• [Problem requirements]:
Set down, exactly and only, everything from the line containing "Brand Design e" down to the line containing "Basic Black 7 on 7 Compression Shorts" in the data below; the pictures are not part of the copy.

• [Data provided]:
::::::::

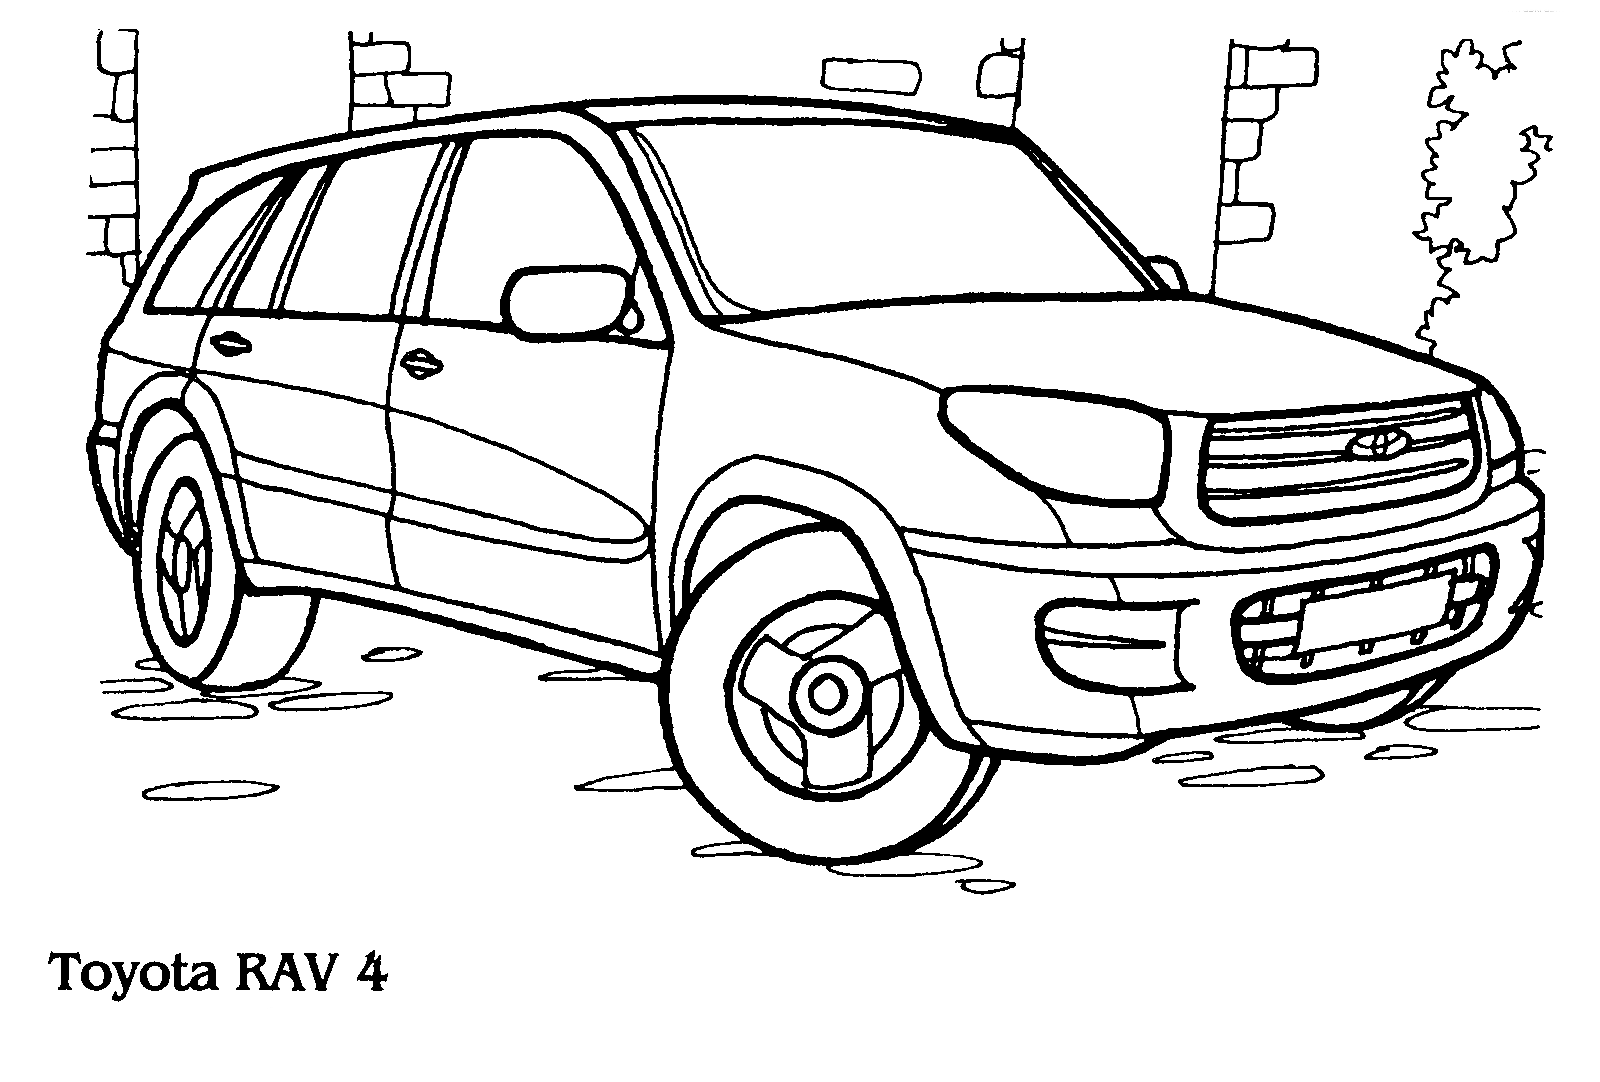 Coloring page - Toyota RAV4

::::::::

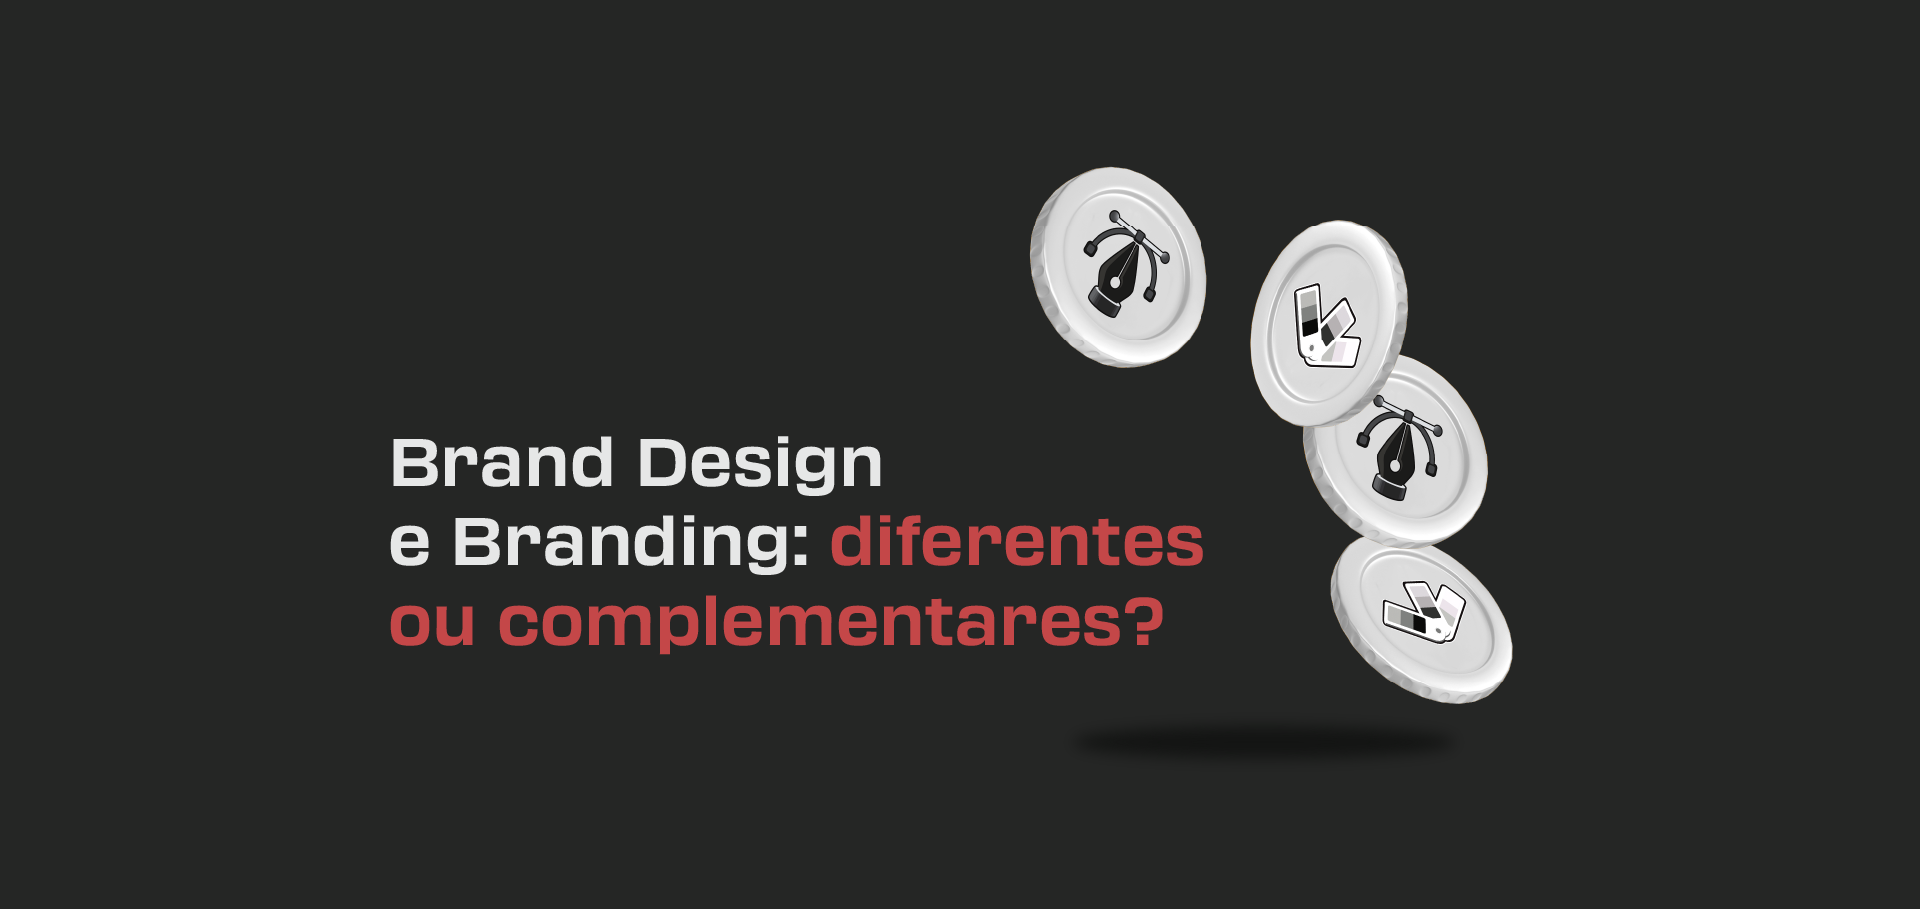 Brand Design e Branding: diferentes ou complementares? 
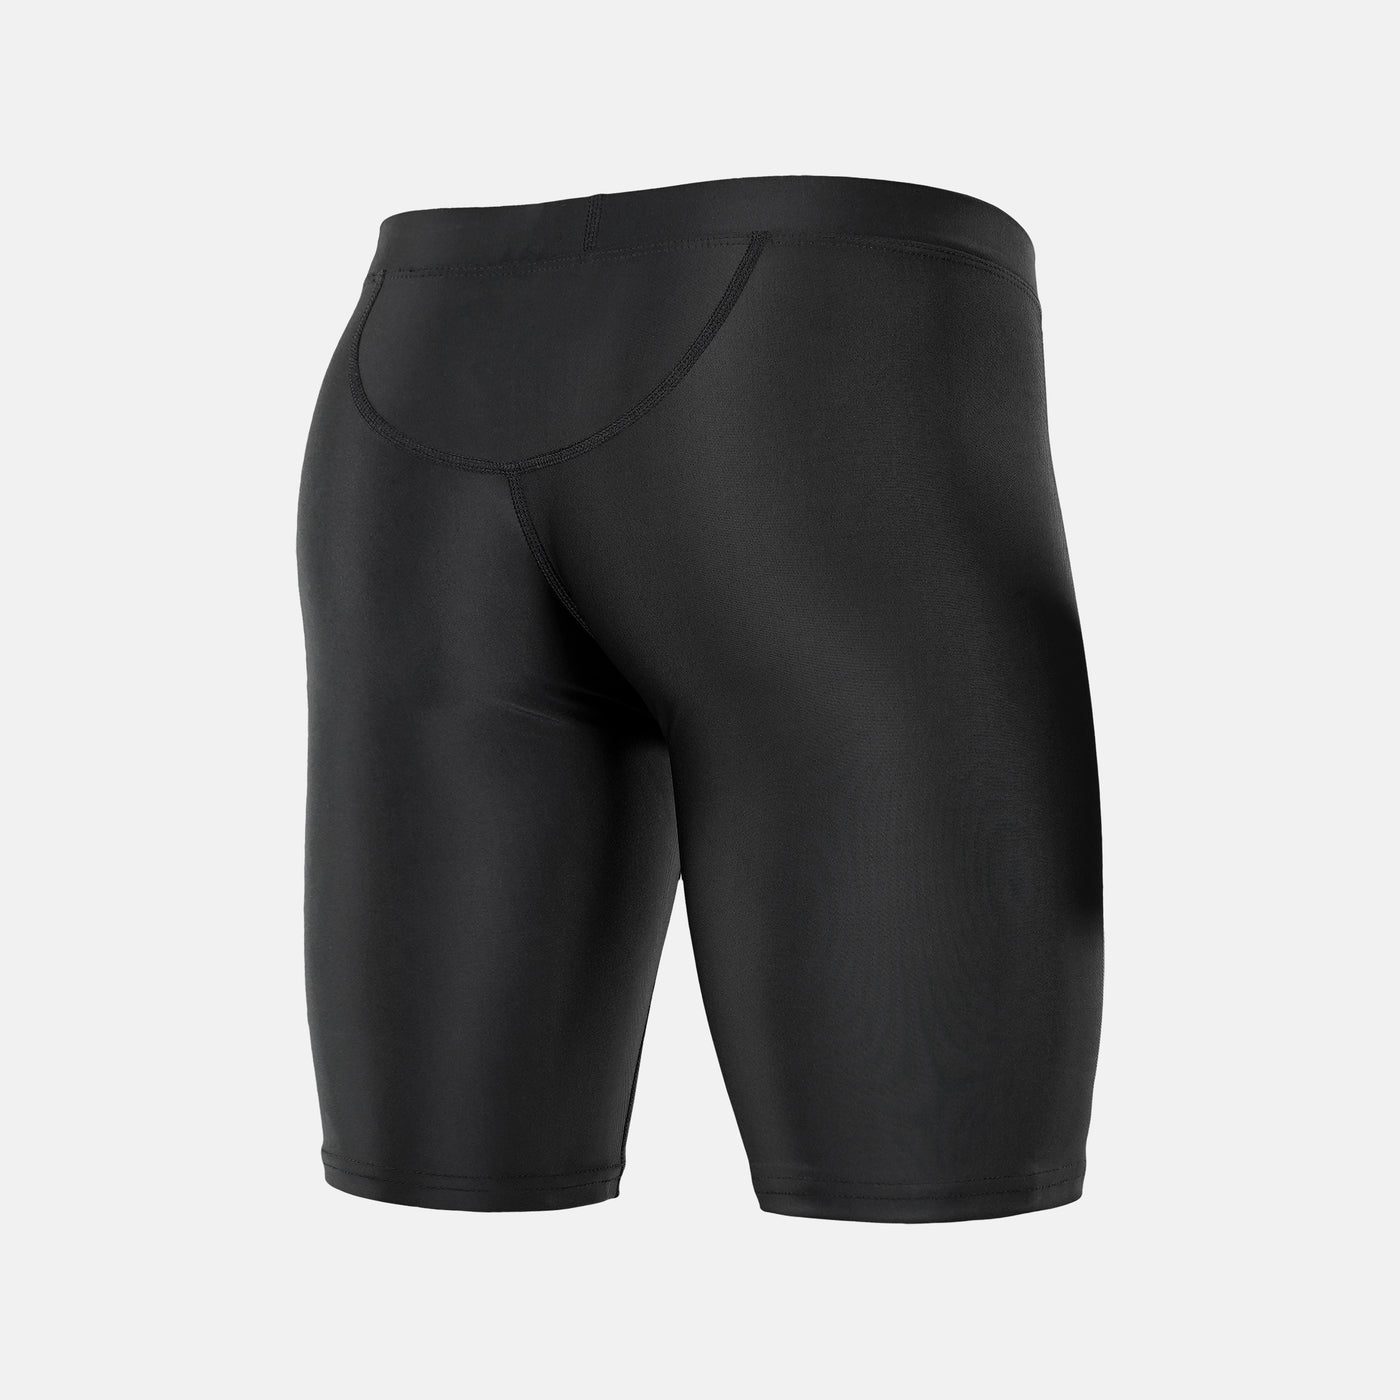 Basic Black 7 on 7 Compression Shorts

::::::::

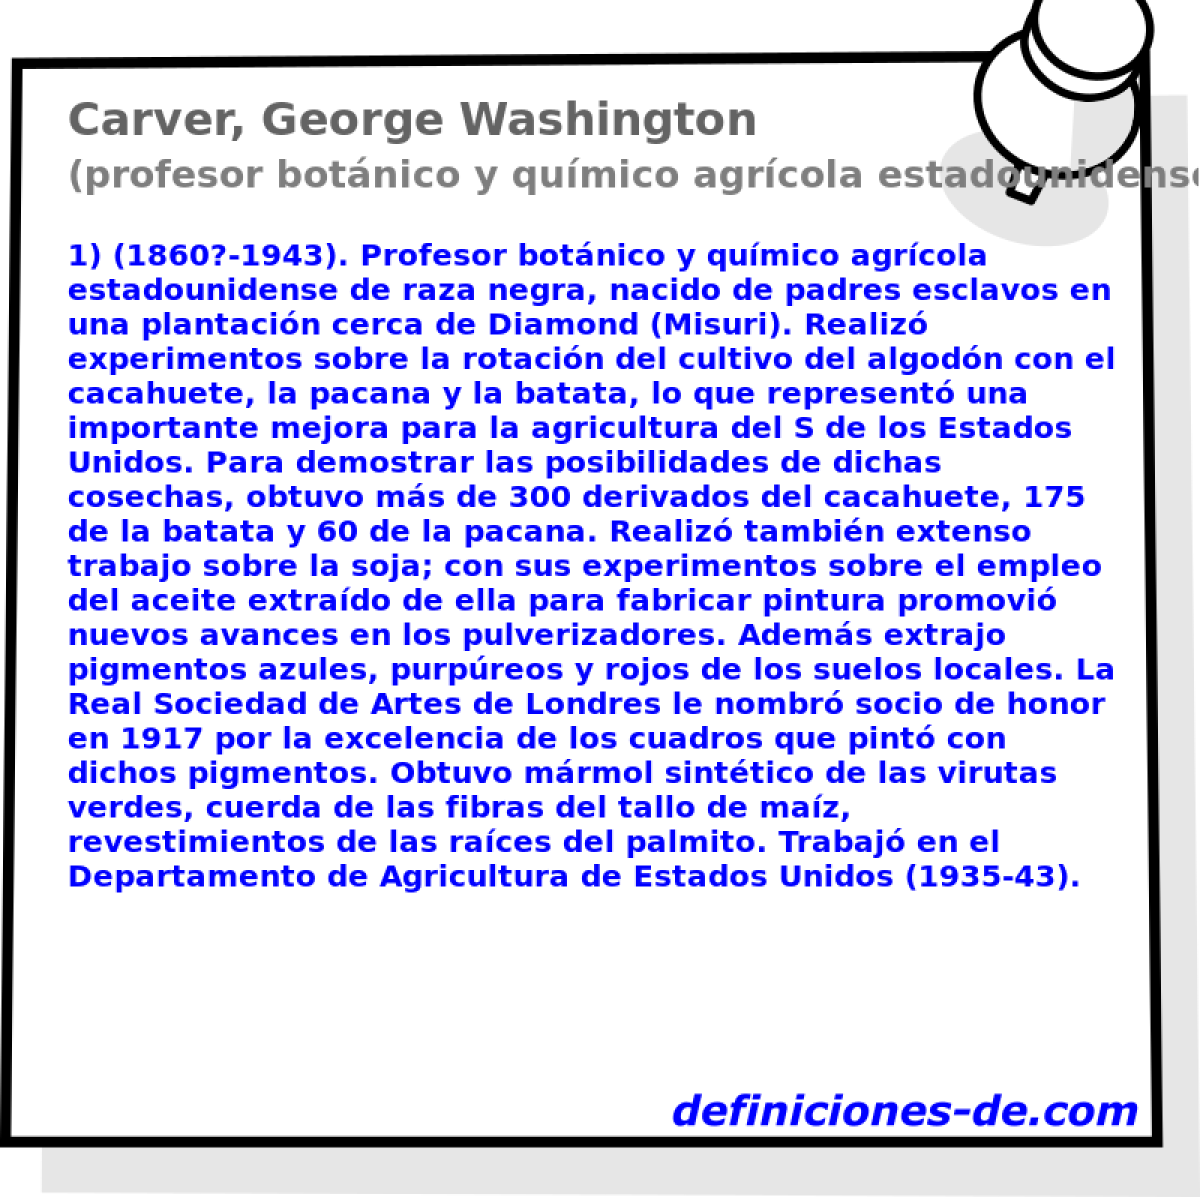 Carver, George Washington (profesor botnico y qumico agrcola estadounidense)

::::::::

• [Final answer]:
 Brand Design e Branding: diferentes ou complementares? 
 Basic Black 7 on 7 Compression Shorts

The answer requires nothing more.